Our main takeaway of the GameStop saga is that it is another example of the excesses in the system created by free money, free trading and zero interest rates for the foreseeable future. Our concern is these excesses will lead to further imprudent investing because recent events make investing look easy, leading to further excessive risk taking and systemic risks when it ends. There have been a lot parallels drawn with today’s markets to the excesses in the dot com stock market boom in the late 90’s. I agree with many of these parallels but am not confident it will end anytime soon or where we are in the cycle. One day there will be another major bear market such as the one that followed the dot com boom of the 1990’s. It will flush out the excesses in the system as it did in 2000. History has proven this time and time again. And after it does, another one will brew again. Booms and busts are inevitable byproducts of capitalism because we are all human beings driven by emotions.
We do not foresee excess risk-taking ending soon. We believe that so long as the Fed remains with their ultra-accommodative, zero interest rate policy for the foreseeable future, the excesses will continue to build, and the markets will continue to march higher.

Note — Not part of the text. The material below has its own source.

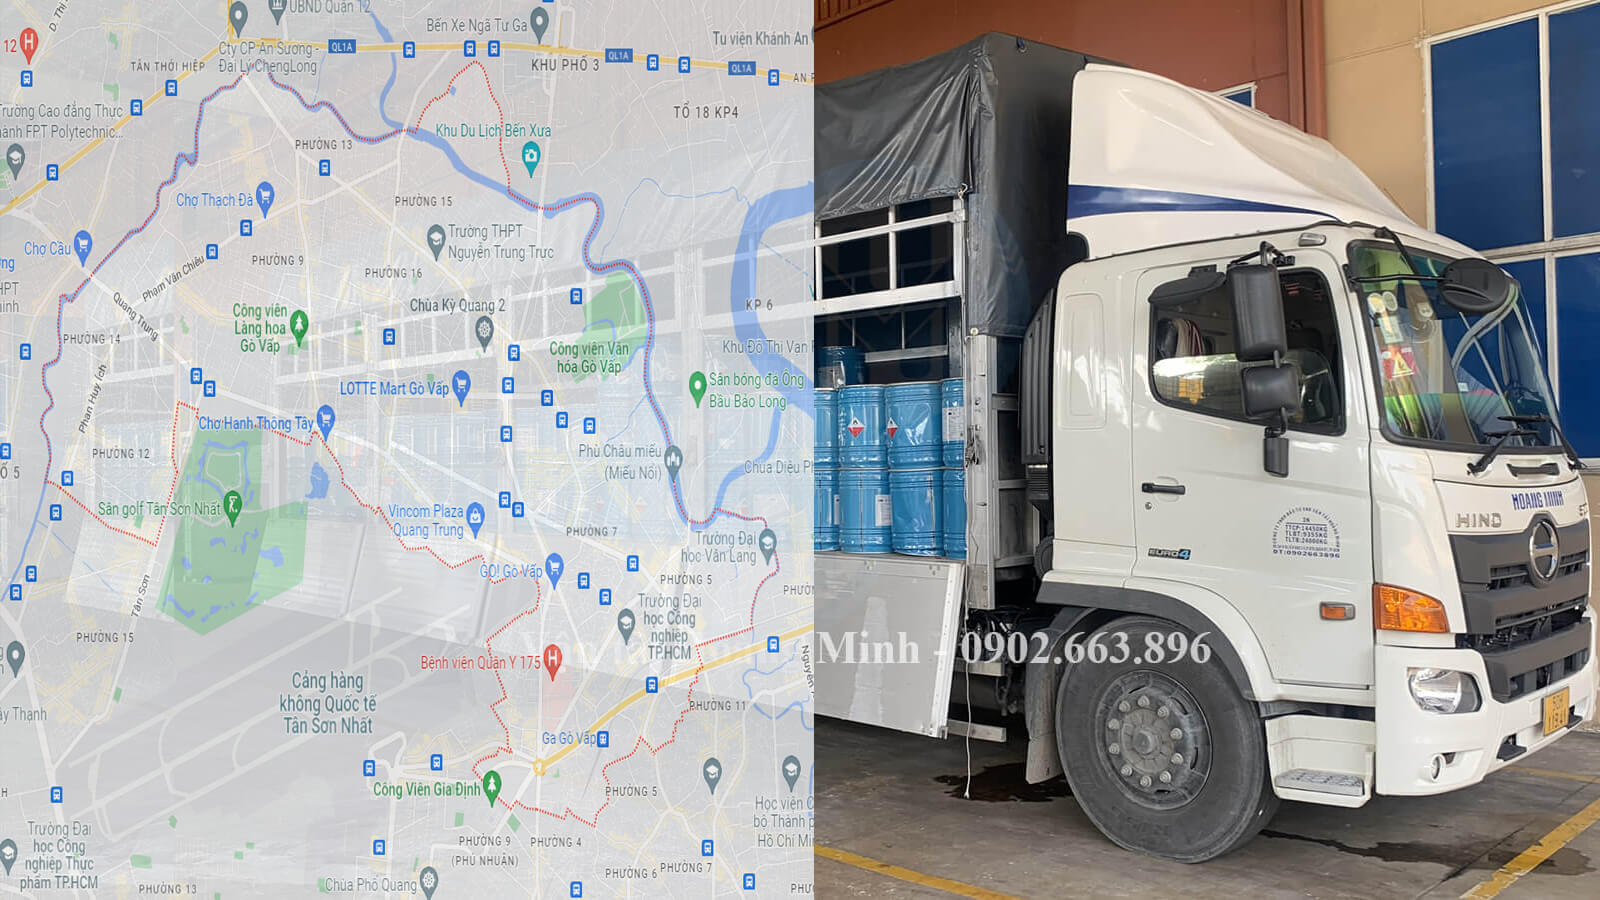 Thuê xe tải chở hàng quận Gò Vấp.jpg

It is far more difficult to say when the cleansing of excesses will begin as opposed to saying when it has started, therefore it is more prudent to prepare for when it comes then predict when it will begin. A material and sustained rise in inflation is what we believe would change the Fed’s stance which would create a concern for a flushing of excesses. Preparing for rising inflation, identifying stocks with reasonable valuations and monitoring risk factors are our best solutions for preparing. We expect to see some level of volatility in the future but would view it opportunistically for now. In the meantime, we will continue to monitor our risk indicators and communicate any significant change in our outlook.